"Pomóżmy razem"

Autor:


Organizatorzy programu "Pomóżmy razem" odbyli kolejną wizytę w szpitalu w ramach propagowania dogoterapii jako ważnej i skutecznej formy rehabilitacji dzieci i osób starszych. Tym razem Szpital Akademii Medycznej w Gdańsku otworzył swoje dziecięce oddziały dla czworonożnych terapeutów, dając tym samym znak lokalnym organizacjom zajmującym się dogoterapią, że jest otwarty na nowe formy leczenia.

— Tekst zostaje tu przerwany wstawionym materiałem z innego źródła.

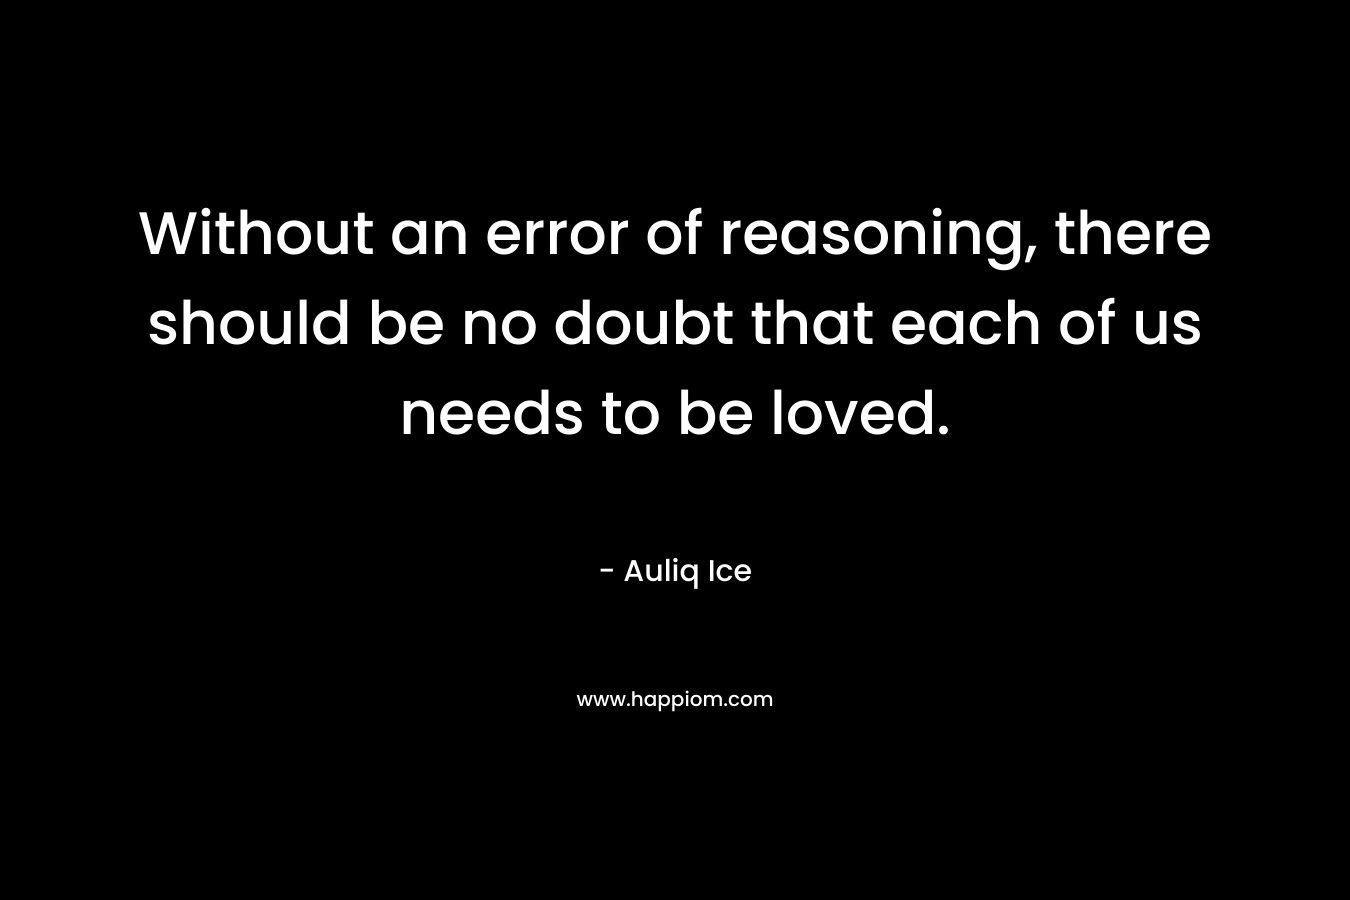 Without an error of reasoning, there should be no doubt that each of us needs to be loved. – Auliq Ice

Dogoterapia to naturalna forma rehabilitacji, w której odpowiednio przeszkolony pies wspomaga terapeutę  w wieloprofilowym usprawnianiu dzieci i dorosłych, a także pomaga osobom starszym czy zagubionym w zachowaniu lub wręcz nawiązaniu kontaktów ze światem zewnętrznym. Dogoterapia w Polsce została zapoczątkowana przez Marię Czerwińską z Fundacji CZE-NE-KA w 1987. W dogoterapii wykorzystywane są takie rasy jak np. labrador, które charakteryzują się cierpliwością i przyjaznym usposobieniem. Cechy te pomagają w nawiązaniu łatwego kontaktu z osobą chorą, dzięki któremu następuje pobudzenie zmysłów rehabilitowanego (wzroku, słuchu, dotyku, pozytywnych emocji) oraz polepsza się jego sprawność fizyczna.  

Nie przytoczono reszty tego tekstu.